The most direct way to mitigate ecological destruction is to consume and pollute less. Reducing family sizes and national populations will significantly contribute to this effort. This is essential not only in regions experiencing rapid population growth, such as sub-Saharan Africa and South Asia, but is especially critical for wealthier countries. It is the consumption habits of affluent nations that drive much of today’s poverty and environmental degradation.
On average, an American consumes more than thirty times more resources than a person from the Global South. A recent Oxfam report finds that the world’s wealthiest one percent uses twice the energy and produces twice the carbon emissions as the poorest half of the global population.

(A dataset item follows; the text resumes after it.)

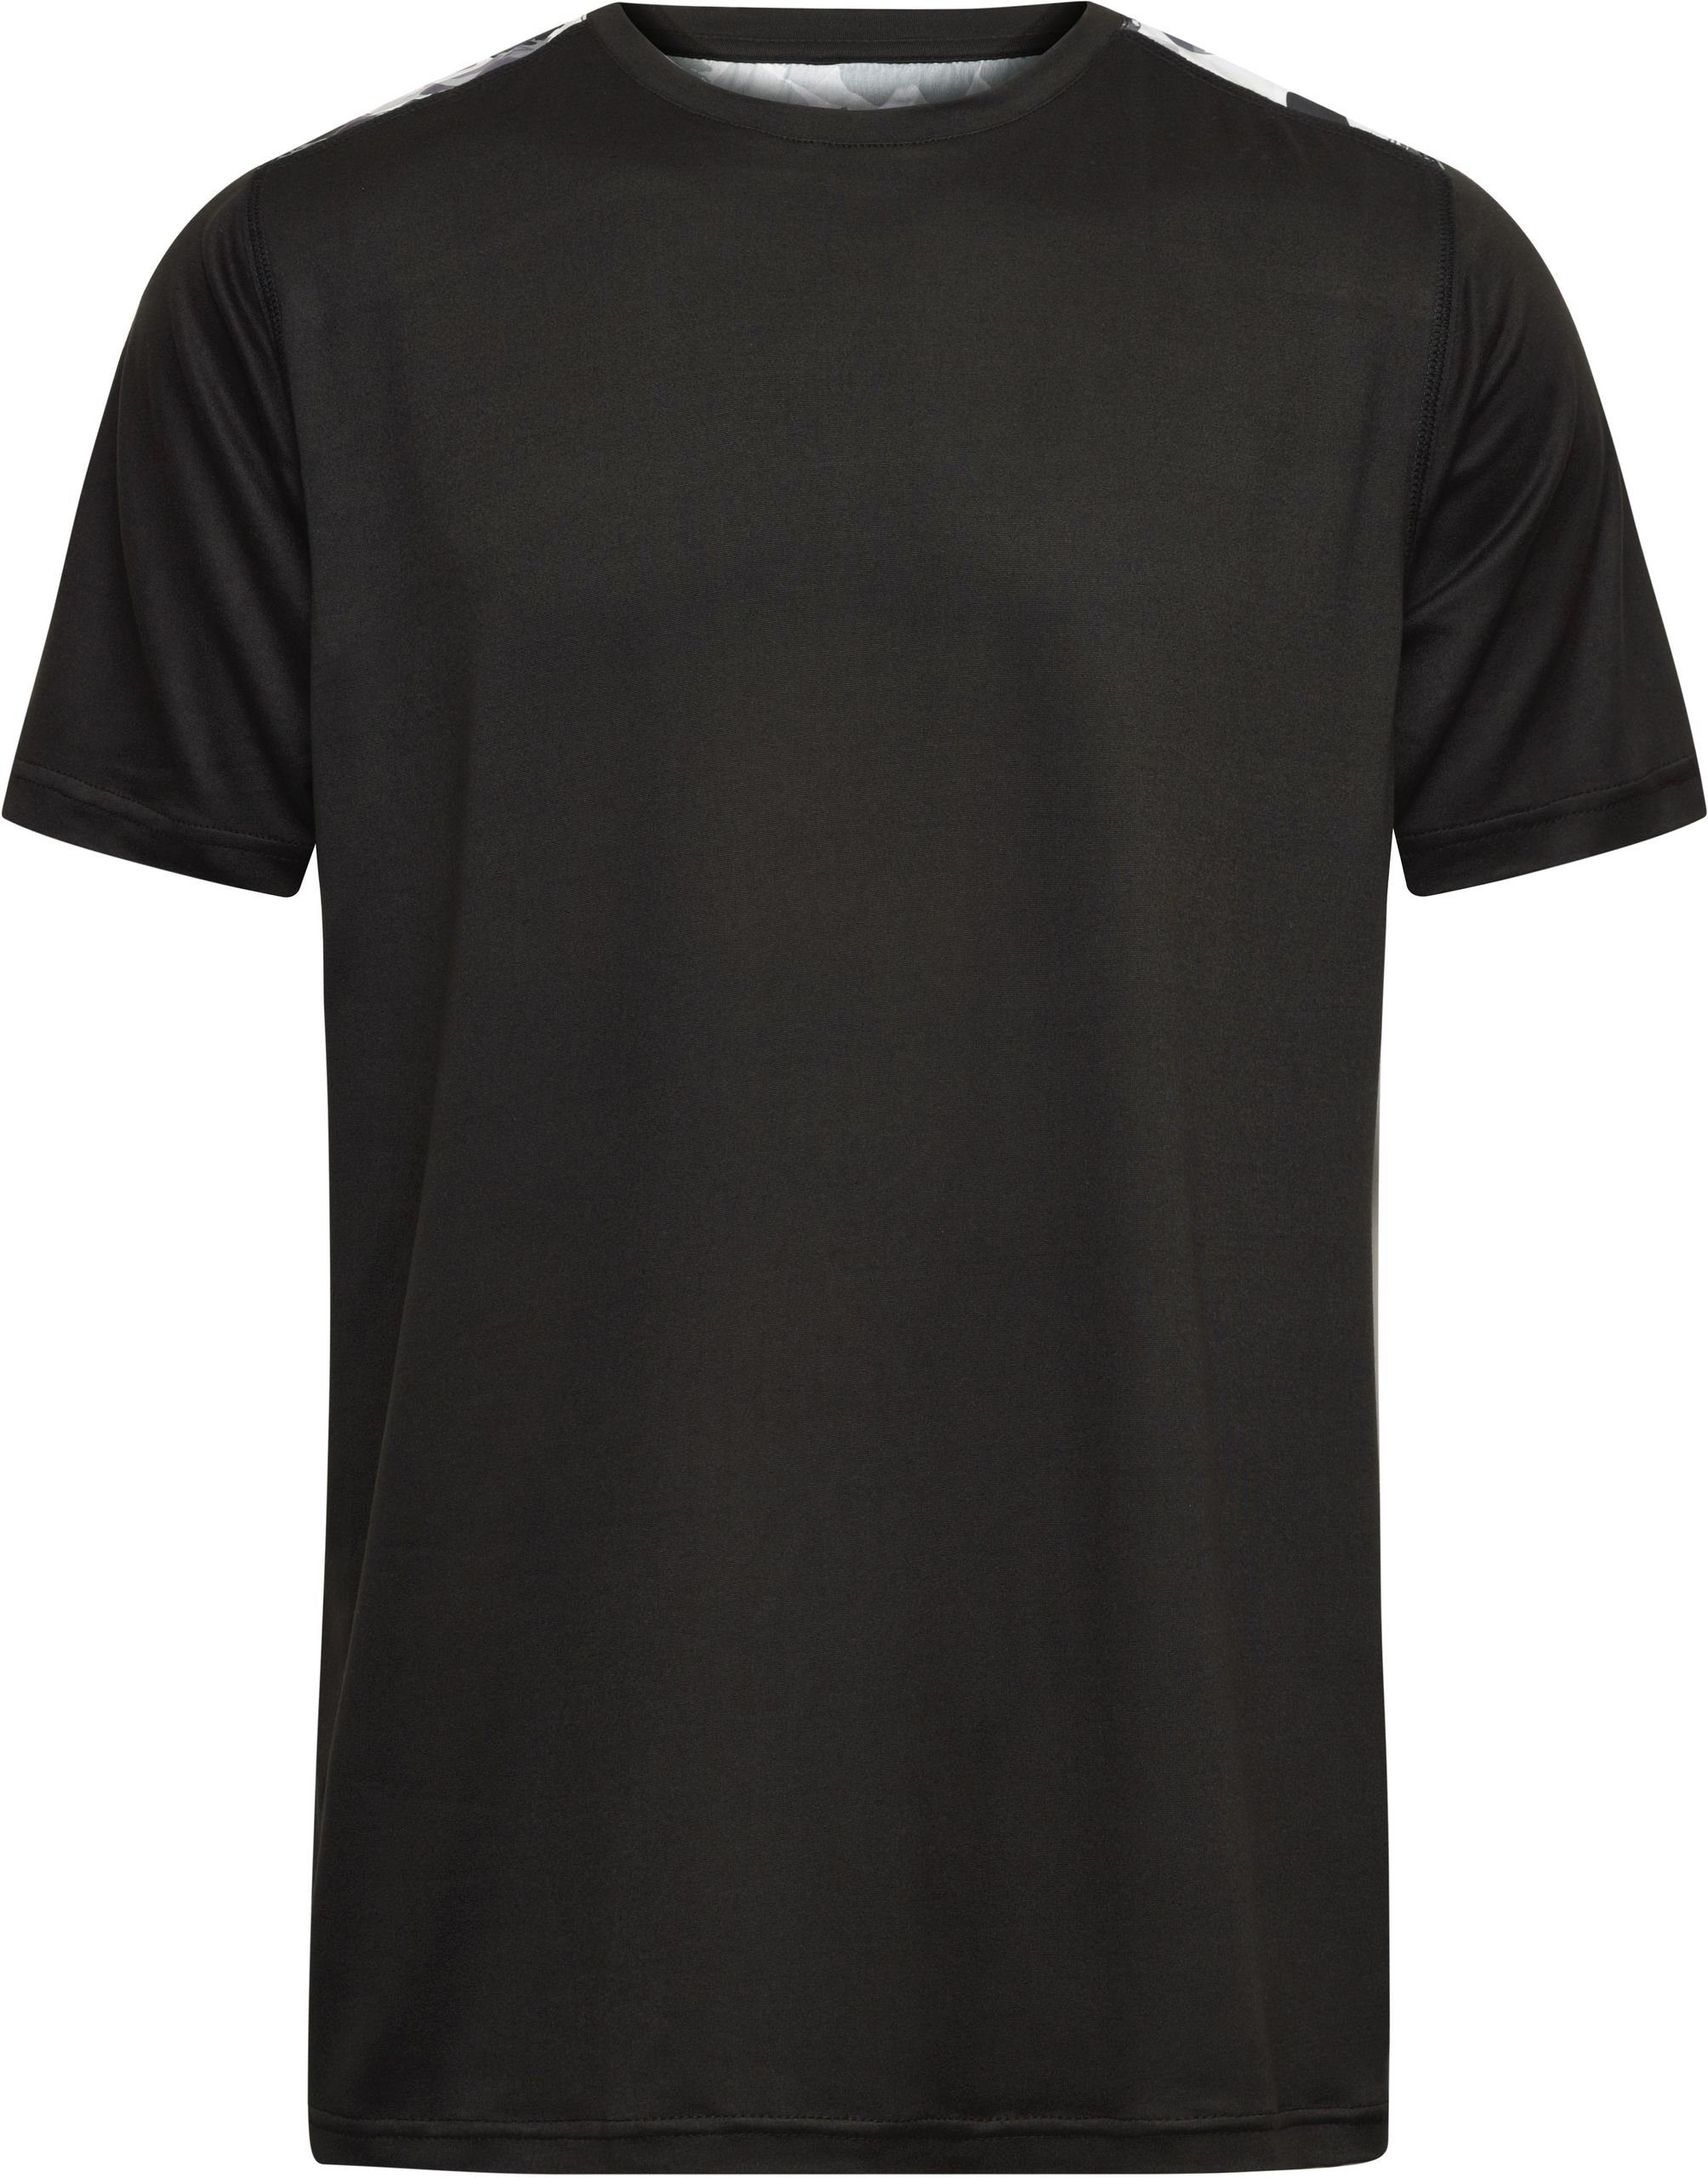 aus black/black printed & recyceltem FaS50524 Shirt Trainingsshirt Sport Nicholson James Polyester
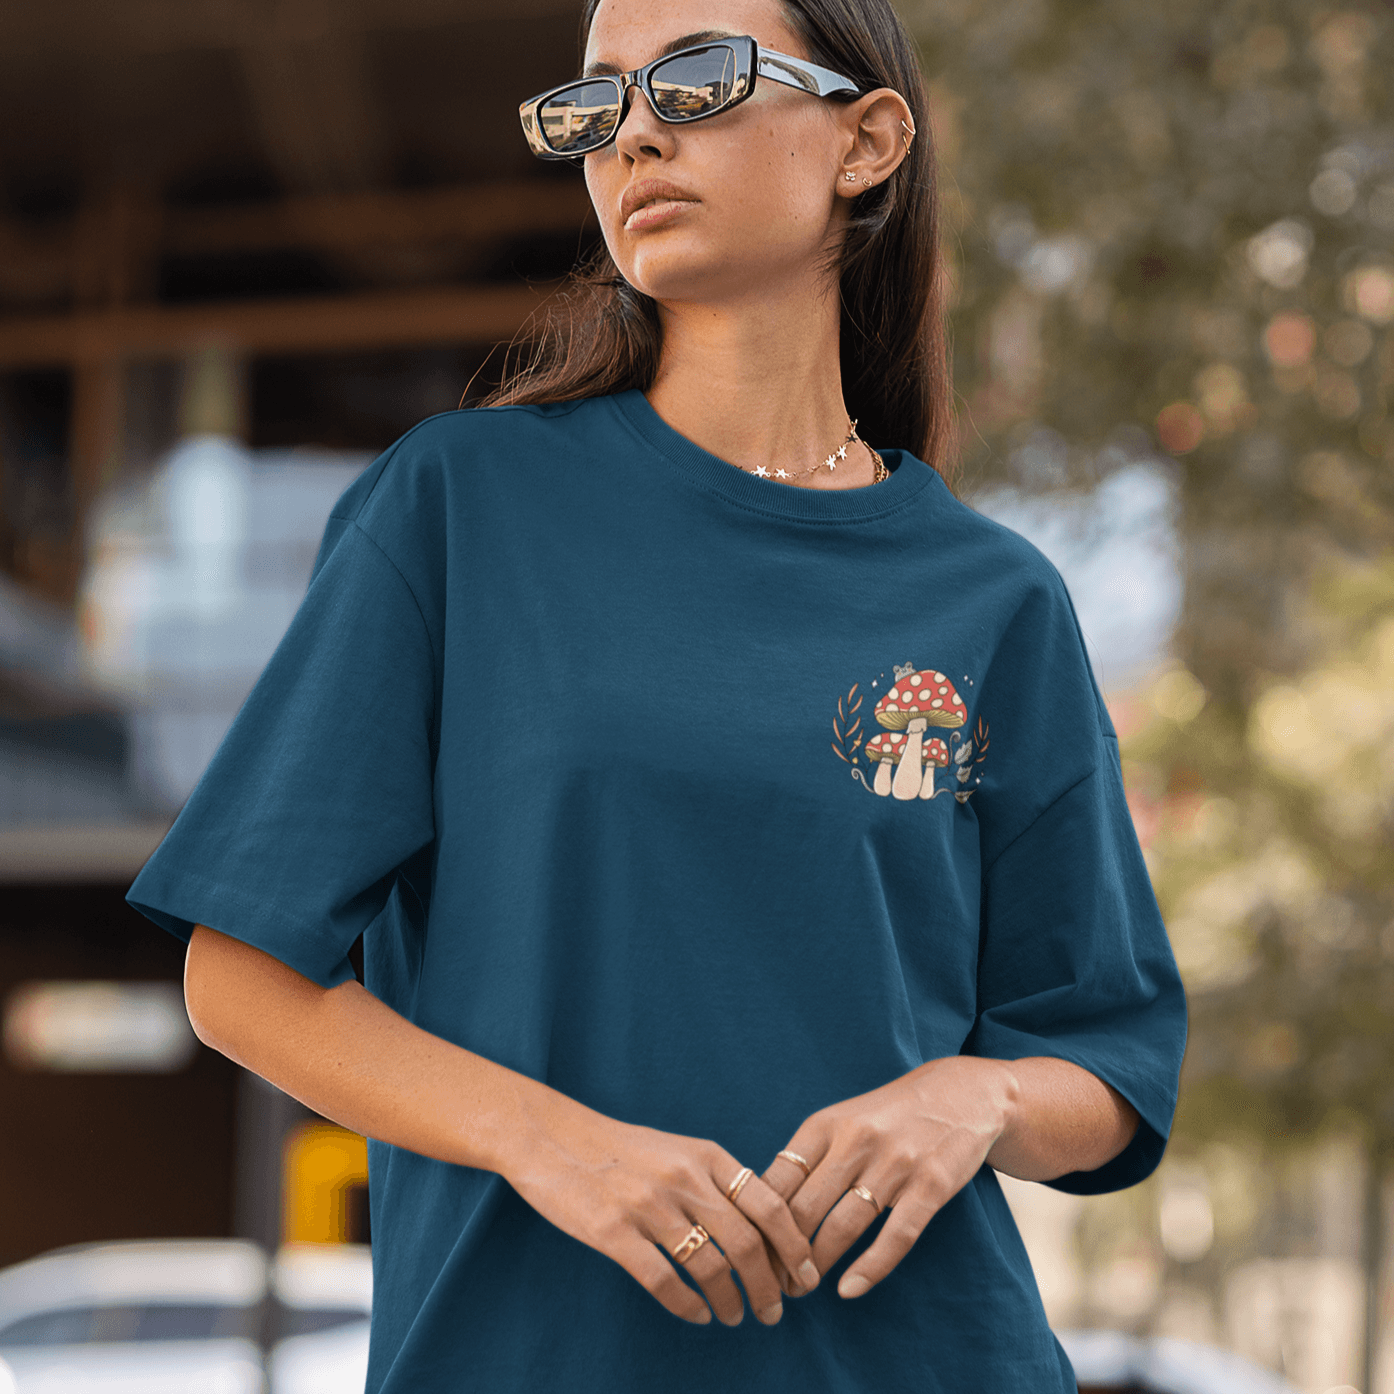 Bloom Wild Back Printed Oversized T-shirts - Unisex - Cute Stuff India

As Jared Diamond argues in his book Collapse: How Societies Choose to Fail or Survive, societies must adapt to changing circumstances by making difficult decisions about which treasured values and practices will continue to serve them. A sober evaluation may lead to adjusting or even discarding some entrenched beliefs. Clinging to outdated ideals — like large families and extravagant lifestyles — may jeopardize our ability to survive, much less thrive, in the world we are inadvertently creating.
This is where pronatalists, regardless of their motivations, fall short in understanding population dynamics. While they raise legitimate concerns about the challenges posed by declining populations, their solutions will probably lead to graver consequences. Narrow-minded responses to these complex issues will not adequately address the existential threats that jeopardize the foundations of our civilization.